Questo lo giudicano i giudici di sorveglianza e gli psichiatri quando concedono i benefici. Però il nostro sistema prevede che ci sia questo percorso. O almeno ci dovrebbe essere, che permetta una evoluzione a queste persone per essere nelle condizioni di non ripetere un delitto. Ma è anche vero che il sistema carcerario non ha gli strumenti per renderlo possibile.

C’è un caso in particolare che ti ha colpito più di altri?
Un caso in cui non c’è un omicidio, compiuto da quella che chiamiamo “la coppia dell’acido”. Questo desiderio, oltre a utilizzare l’acido che è una forma di ferocia assoluta per dolore fisico e psicologico, di cancellare e purificare il passato mi ha impressionato. Quando non trovarono la vittima tornarono il giorno dopo, senza nessun ripensamento, e la colpirono. Questo bisogno di fare del male a tutti i costi per sentirsi bene è quello che più mi ha colpito.

Credi che trasmissioni del pomeriggio, o in altri casi ma condotte da persone non esperte, possano travisare e rendere confusa l’analisi di certi casi?
Non è quello. è che il racconto della cronaca è diventato spettacolare. Storie nelle quali i protagonisti diventavano di uno show, da Avetrana a Garlasco. Il rischio esemplificazione non direi, più che altro di prendere vie laterali, concentrandosi su cose che non contano nulla con i fatti inseguendo aspetti più spettacolari, senza dire morbosi. Più emotivi ed emozionali, mentre un fatto di cronaca ha già emozioni in sé, tra emozione e paura.
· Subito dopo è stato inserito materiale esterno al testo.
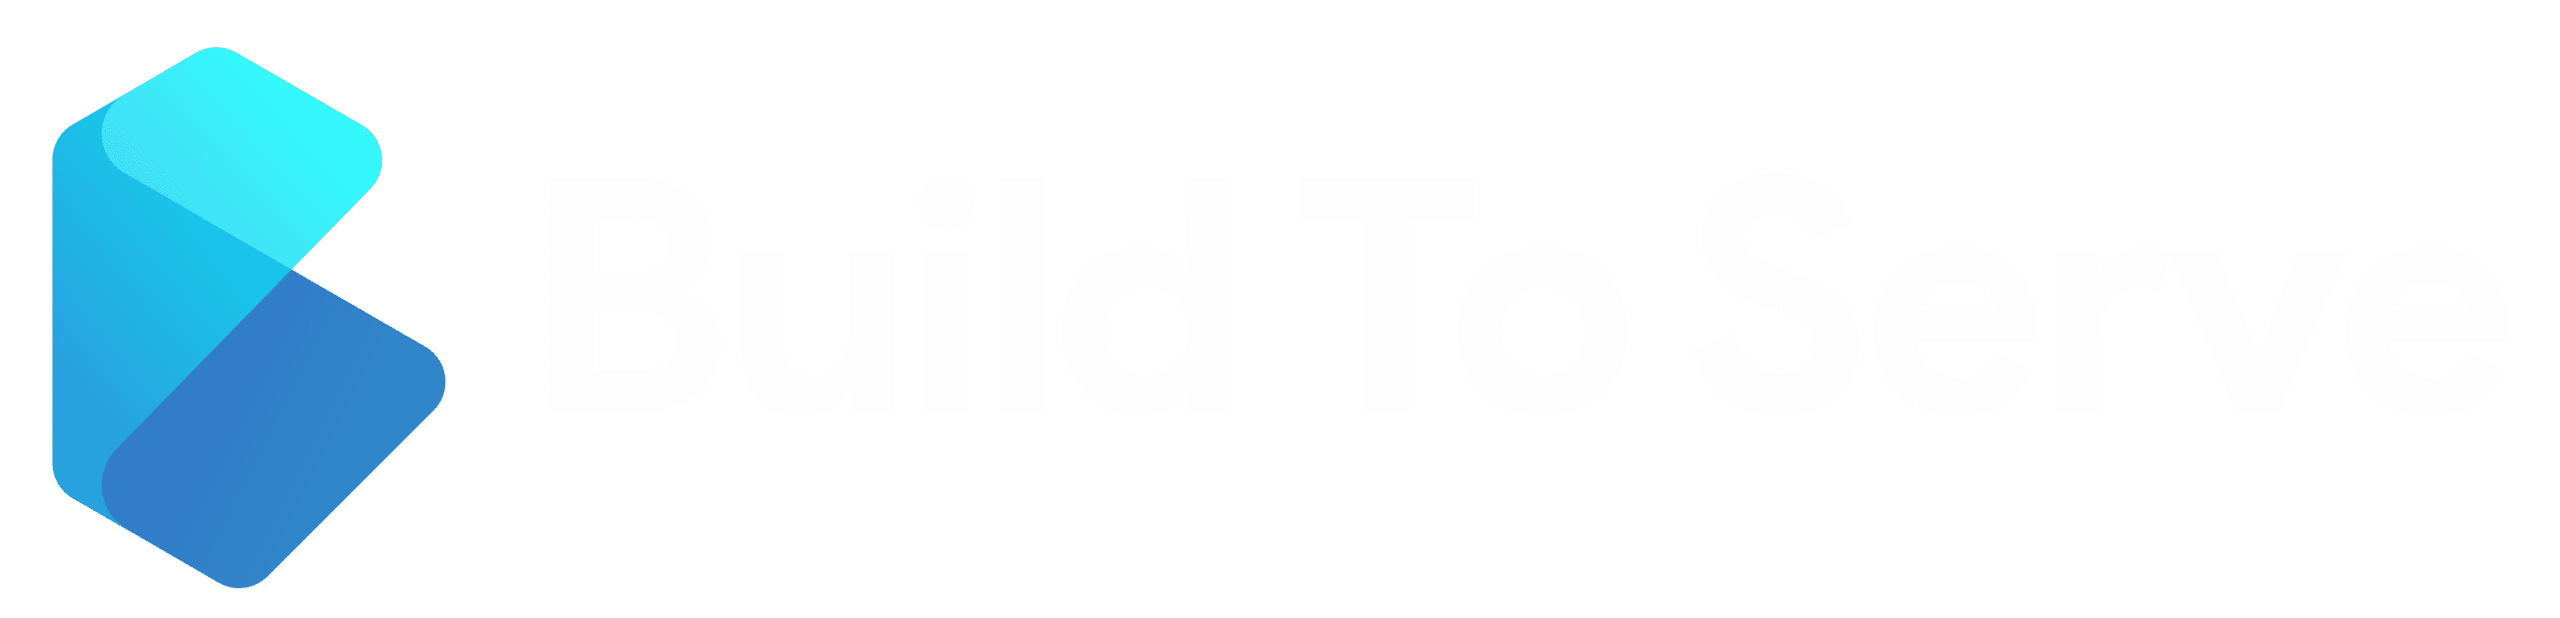 Build To Serve Logo

All’estero i casi di cronaca nera vengono trattati in modo diverso rispetto all’Italia o c’è la stessa morbosità?
Basta aprire i tabloid britannici o certe trasmissioni americane per accorgersi che è così ovunque. L’Italia non credo sia peggio di altri paesi. È un atteggiamento abbastanza universale. Da noi però la data spartiacque è quella del delitto di Cogne. Da quel momento in poi c’è stata una rincorsa anche da parte di trasmissioni che prima si occupavano di altro.

Sei mai stato toccato da tanto “male” che hai raccontato, fino ad arrivare a pensare di doverne prendere le distanze?
Io di solito ho la reazione opposta. Tendo a cercare poi cose belle e di tutt’altro tipo. Non credo che “se guardi molto l’abisso, poi sarà lui che guarderà te”. Anzi, se studi e racconti certe storie le contestualizzi riesci a isolarle per arrivare a pensare che, per fortuna, sono delle eccezioni. E tendi a vedere tutto il resto del mondo come un posto di persone non in grado di fare del male.

Sai che sui social c’è chi dice che tu abbia una voce sexy?
Ma dai, davvero? Non ci ho mai pensato a questo aspetto.

Il “male” che racconti non ti ha cambiato, ma il successo?2
Ma no, perché è un successo relativo e arrivato da adulto. Lo prendo come un riconoscimento a qualcosa che piace anche agli altri, Inaspettato e non cercato. Se è arrivato sono felice, ma non era quello l’obiettivo. Neanche questo credo mi abbia cambiato.